La estrategia de entrega también condiciona tanto la eficacia como la seguridad. El direccionamiento con GalNAc puede «rescatar» la entrega a los hepatocitos incluso cuando la captación mediada por LDLR está deteriorada. En primates no humanos con knockout de LDLR (un modelo de deficiencia severa de LDLR), las LNPs estándar a 2 mg/kg produjeron una edición mínima del sitio objetivo y poca reducción en la proteína ANGPTL3 en sangre[10], mientras que las GalNAc-LNPs a la misma dosis de 2 mg/kg lograron un 60% de edición de ANGPTL3 en todo el hígado y una reducción >90% de la proteína ANGPTL3 en sangre, junto con una reducción del ~35% del LDL-C en sangre y una reducción del ~55% de los triglicéridos (datos no mostrados para los triglicéridos)[10]. Esto es alentador para la robustez de la entrega, pero también subraya que los cambios en la formulación pueden marcar la diferencia entre una edición «mínima» y una sustancial, lo que convierte al control de la fabricación y la reproducibilidad en una barrera práctica para el escalado y el acceso amplio[10].
Finalmente, incluso cuando la entrega transitoria de LNP se enmarca como ventajosa para la seguridad debido a la expresión controlada, el costo y la implementación siguen siendo preguntas abiertas para una terapia que se administra una vez pero debe justificar compensaciones de riesgo/beneficio de por vida.

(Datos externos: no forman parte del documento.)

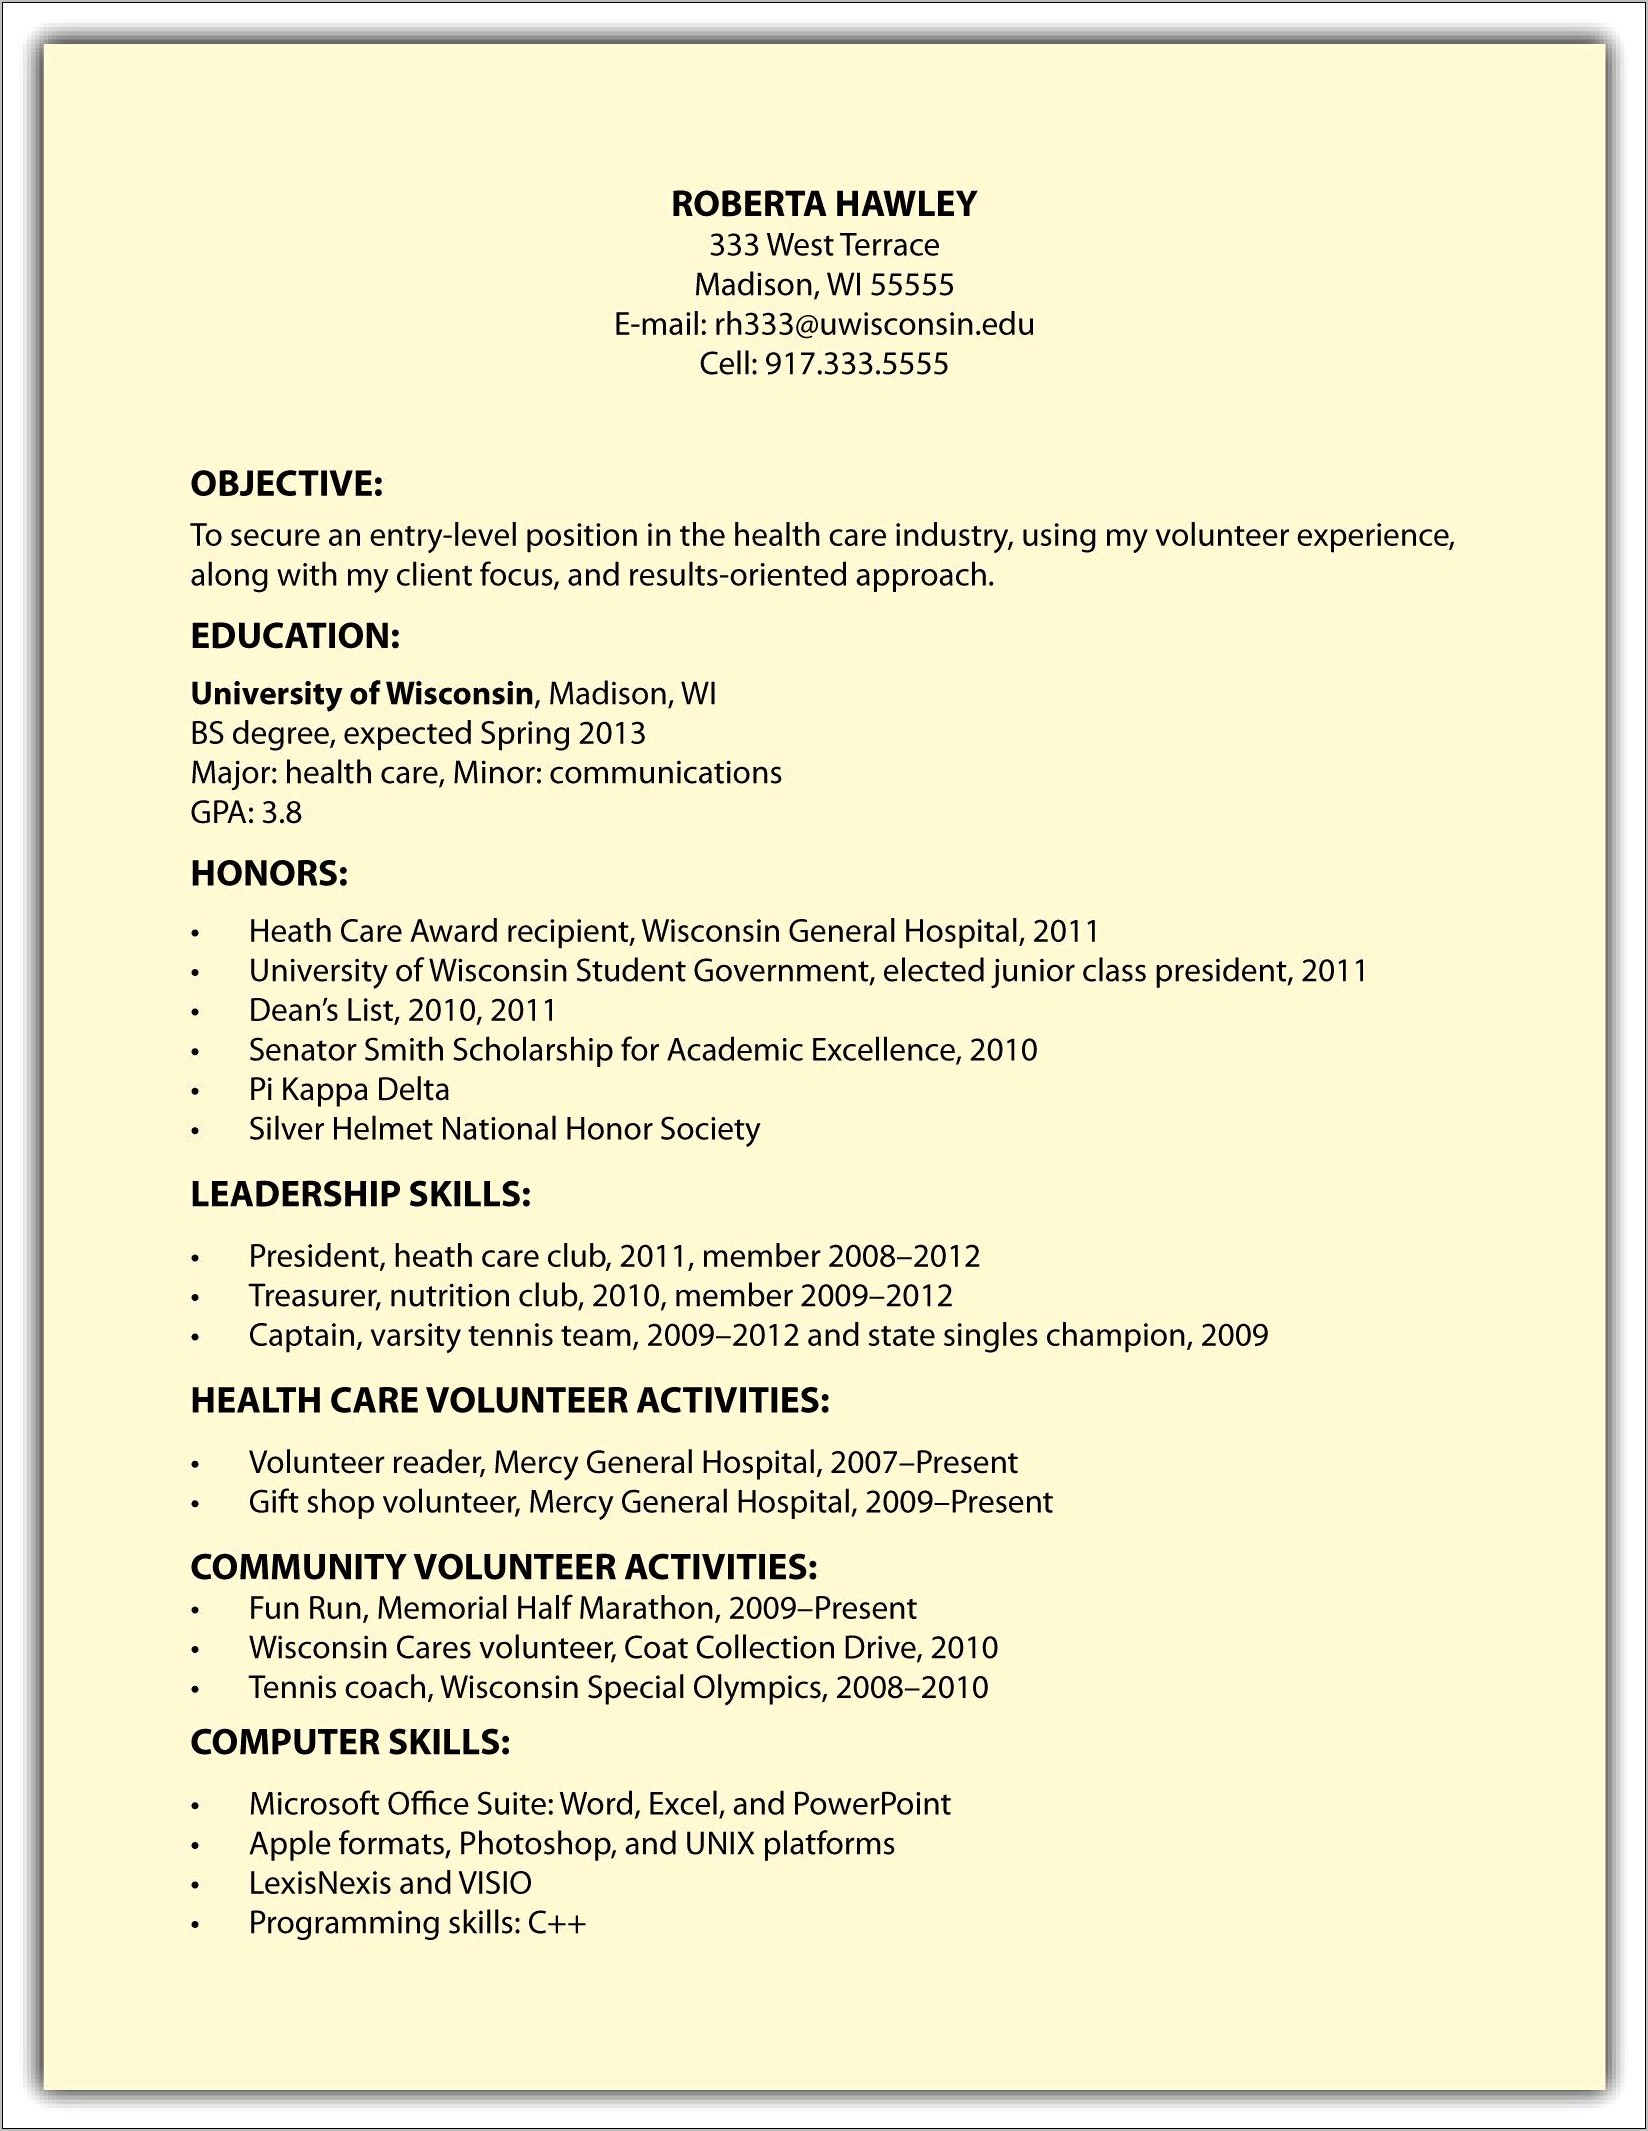 Sample Resume Objective For Volunteer Position

Los datos clínicos hasta la fecha documentan reacciones a la infusión, elevaciones de las enzimas hepáticas y —en Heart-1— eventos cardiovasculares en una población de muy alto riesgo, lo que refuerza la necesidad de un diseño cuidadoso de los ensayos, un seguimiento más prolongado y una adjudicación transparente a medida que los programas avanzan más allá de los puntos finales de biomarcadores de prueba de concepto[2, 3].
Conclusión
A fecha de mayo de 2026, la evidencia más sólida de que la edición génica cardiovascular de «una sola aplicación» es técnicamente factible en humanos proviene de ensayos pequeños de fase temprana de edición de bases de adenina in vivo dirigidos a PCSK9. Los datos provisionales de Heart-1 informan reducciones de LDL-C de hasta el 55% con persistencia durante 6 meses en la cohorte de dosis más alta descrita, con una durabilidad preclínica en monos informada hasta 2.5 años después de una dosis única[3]. Los datos provisionales de YOLT-101 informan reducciones sostenidas a las 24 semanas del 74.4% para PCSK9 y del 52.3% para LDL-C en la cohorte de 0.6 mg/kg (n = 3), sin que se informaran eventos adversos de grado ≥3[2]. La ciencia está avanzando rápidamente, pero las preguntas clínicamente decisivas —toxicidades raras, riesgos off-target a largo plazo, estrategia de redosificación y resultados cardiovasculares— permanecen abiertas y se reconocen explícitamente como los próximos obstáculos para el campo[3, 5].